(What you are asked to do):
Restating the data exactly is the whole task.

(Data supplied):
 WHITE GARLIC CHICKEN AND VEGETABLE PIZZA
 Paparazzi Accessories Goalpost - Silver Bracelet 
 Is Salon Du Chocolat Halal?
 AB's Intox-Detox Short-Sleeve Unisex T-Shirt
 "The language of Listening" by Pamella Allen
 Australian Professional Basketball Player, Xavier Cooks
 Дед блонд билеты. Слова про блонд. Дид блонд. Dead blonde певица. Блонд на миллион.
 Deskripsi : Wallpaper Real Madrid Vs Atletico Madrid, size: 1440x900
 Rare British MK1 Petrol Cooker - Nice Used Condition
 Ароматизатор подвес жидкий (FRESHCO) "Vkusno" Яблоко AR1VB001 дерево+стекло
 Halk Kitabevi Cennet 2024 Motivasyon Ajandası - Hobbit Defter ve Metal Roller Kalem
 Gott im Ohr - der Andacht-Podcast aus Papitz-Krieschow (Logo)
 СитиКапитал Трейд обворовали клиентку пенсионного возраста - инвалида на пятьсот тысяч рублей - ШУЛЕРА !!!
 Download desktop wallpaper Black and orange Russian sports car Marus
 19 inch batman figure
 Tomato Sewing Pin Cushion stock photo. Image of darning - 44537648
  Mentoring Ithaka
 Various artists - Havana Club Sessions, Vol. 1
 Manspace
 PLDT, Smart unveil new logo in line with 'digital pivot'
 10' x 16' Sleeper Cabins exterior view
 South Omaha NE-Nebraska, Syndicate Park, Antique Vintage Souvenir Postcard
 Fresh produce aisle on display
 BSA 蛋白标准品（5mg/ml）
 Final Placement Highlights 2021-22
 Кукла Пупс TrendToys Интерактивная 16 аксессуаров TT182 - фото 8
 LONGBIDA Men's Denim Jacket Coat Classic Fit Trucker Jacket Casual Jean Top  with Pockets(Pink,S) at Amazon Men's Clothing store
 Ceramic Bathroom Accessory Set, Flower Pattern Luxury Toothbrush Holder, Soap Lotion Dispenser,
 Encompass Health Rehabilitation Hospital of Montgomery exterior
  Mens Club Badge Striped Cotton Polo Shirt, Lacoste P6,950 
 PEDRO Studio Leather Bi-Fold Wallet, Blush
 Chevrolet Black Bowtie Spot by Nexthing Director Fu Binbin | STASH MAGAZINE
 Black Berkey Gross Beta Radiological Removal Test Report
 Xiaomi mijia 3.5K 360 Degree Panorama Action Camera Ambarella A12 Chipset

(Response to the exercise):
 WHITE GARLIC CHICKEN AND VEGETABLE PIZZA
 Paparazzi Accessories Goalpost - Silver Bracelet 
 Is Salon Du Chocolat Halal?
 AB's Intox-Detox Short-Sleeve Unisex T-Shirt
 "The language of Listening" by Pamella Allen
 Australian Professional Basketball Player, Xavier Cooks
 Дед блонд билеты. Слова про блонд. Дид блонд. Dead blonde певица. Блонд на миллион.
 Deskripsi : Wallpaper Real Madrid Vs Atletico Madrid, size: 1440x900
 Rare British MK1 Petrol Cooker - Nice Used Condition
 Ароматизатор подвес жидкий (FRESHCO) "Vkusno" Яблоко AR1VB001 дерево+стекло
 Halk Kitabevi Cennet 2024 Motivasyon Ajandası - Hobbit Defter ve Metal Roller Kalem
 Gott im Ohr - der Andacht-Podcast aus Papitz-Krieschow (Logo)
 СитиКапитал Трейд обворовали клиентку пенсионного возраста - инвалида на пятьсот тысяч рублей - ШУЛЕРА !!!
 Download desktop wallpaper Black and orange Russian sports car Marus
 19 inch batman figure
 Tomato Sewing Pin Cushion stock photo. Image of darning - 44537648
  Mentoring Ithaka
 Various artists - Havana Club Sessions, Vol. 1
 Manspace
 PLDT, Smart unveil new logo in line with 'digital pivot'
 10' x 16' Sleeper Cabins exterior view
 South Omaha NE-Nebraska, Syndicate Park, Antique Vintage Souvenir Postcard
 Fresh produce aisle on display
 BSA 蛋白标准品（5mg/ml）
 Final Placement Highlights 2021-22
 Кукла Пупс TrendToys Интерактивная 16 аксессуаров TT182 - фото 8
 LONGBIDA Men's Denim Jacket Coat Classic Fit Trucker Jacket Casual Jean Top  with Pockets(Pink,S) at Amazon Men's Clothing store
 Ceramic Bathroom Accessory Set, Flower Pattern Luxury Toothbrush Holder, Soap Lotion Dispenser,
 Encompass Health Rehabilitation Hospital of Montgomery exterior
  Mens Club Badge Striped Cotton Polo Shirt, Lacoste P6,950 
 PEDRO Studio Leather Bi-Fold Wallet, Blush
 Chevrolet Black Bowtie Spot by Nexthing Director Fu Binbin | STASH MAGAZINE
 Black Berkey Gross Beta Radiological Removal Test Report
 Xiaomi mijia 3.5K 360 Degree Panorama Action Camera Ambarella A12 Chipset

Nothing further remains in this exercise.